Тогда никто себя не щадил. Людям достаточно было сказать: «Надо!», чтобы они выполняли по полторы–две нормы. Пусть даже так, идеологически: «Идя навстречу очередному съезду КПСС…», но выполняли. Коллективизация труда тогда звучала как поэзия. Разнорабочих обучали, и они получали профессии.

Я иногда носил папе в котлован «тормозок» с едой — ну, там ломтик хлеба, огурец, луковица, иногда — суп. Папа и его товарищи по работе часто работали как водолазы: стоя почти по пояс в холодной воде (так же он наводил переправы во время войны в саперной роте). Кроме резиновых штанов им ничего из спецодежды не выдавали, но они работали, не жалуясь. Так отец, которого в конце концов доконал неизлечимый радикулит, был вынужден уйти работать коневозчиком в конный парк, располагавшийся рядом с лесозаводом.

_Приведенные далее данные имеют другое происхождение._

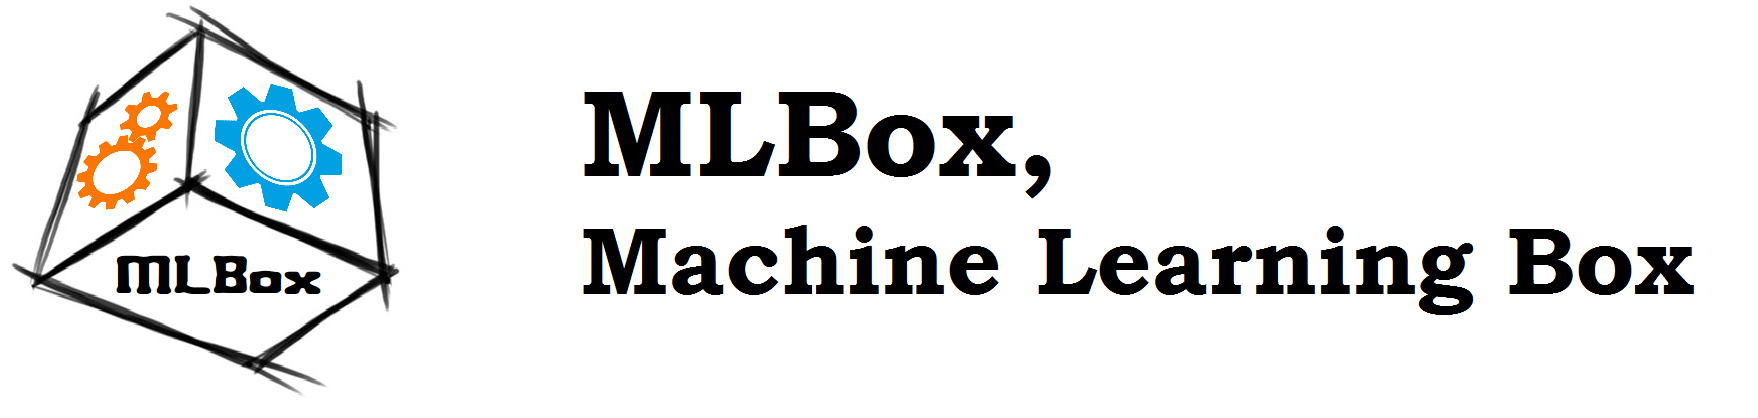 ML box autoML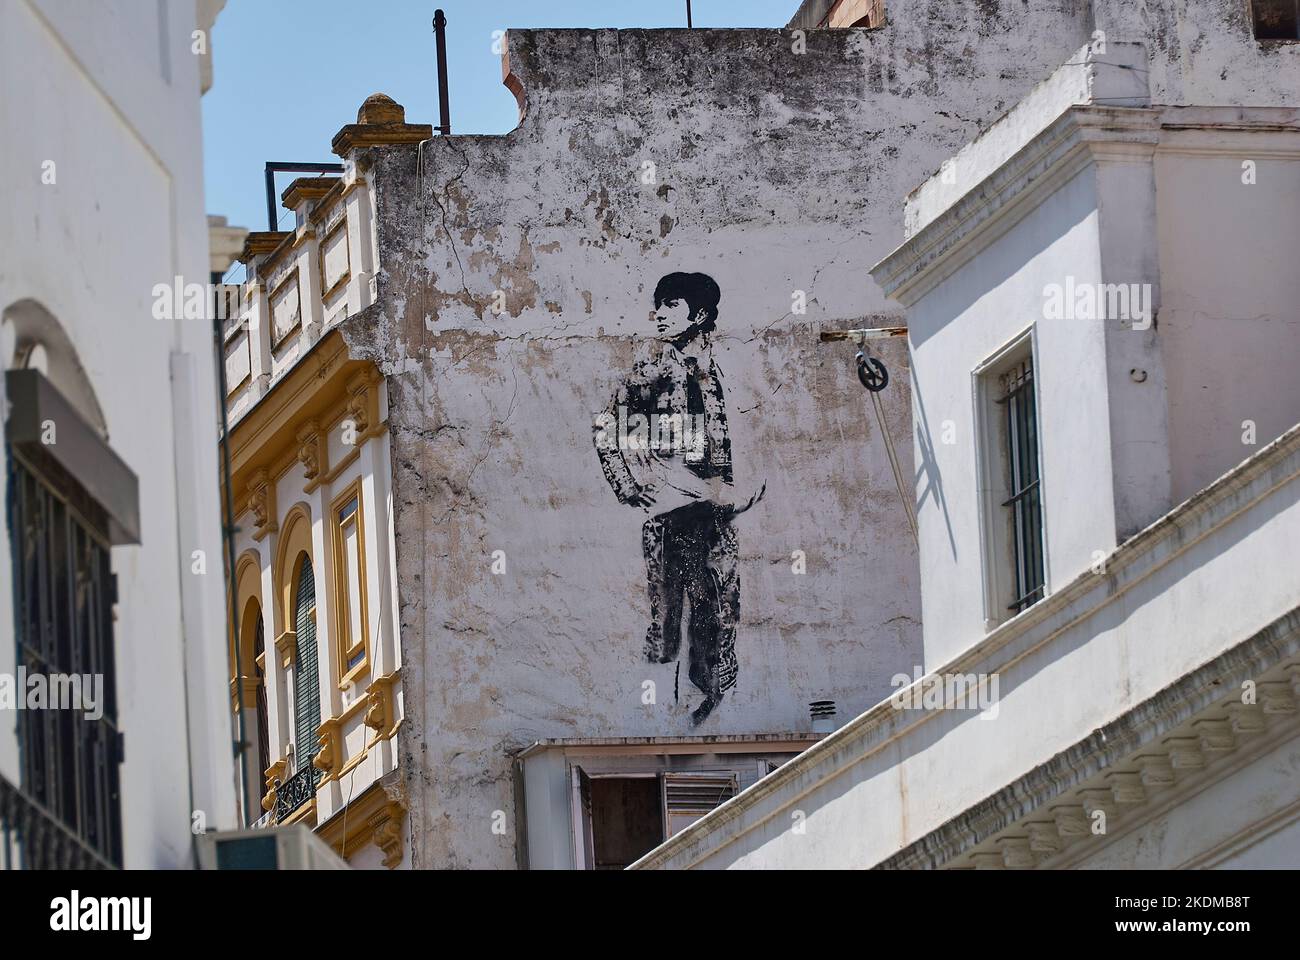 Sevilla, Espagne - 06 06 2014: street art sur un mur blanc montrant un torréghter dans le style graffiti Banque D'Images

На «ГорьковГЭСстрое» время уплотняли, как говорил советский публицист Борис Горбатов, до состояния сжатого воздуха. Многое делали девушки, в числе которых была и моя старшая сестра Рита.

Даже свадьбы играли, выкраивая время у работы. Почти не было тогда никаких выходных.

У всех обязательно что–нибудь случалось. «Плывун» пошёл в котловане (плывучий грунт) — объявляют аврал: вызывают экскаваторщиков, плотников, сварщиков, арматурщиков (и всегда, конечно, чернорабочих!). Баржа с грузом по Волге подошла — девушек на разгрузку! Цемент появился — бетонщиков давай!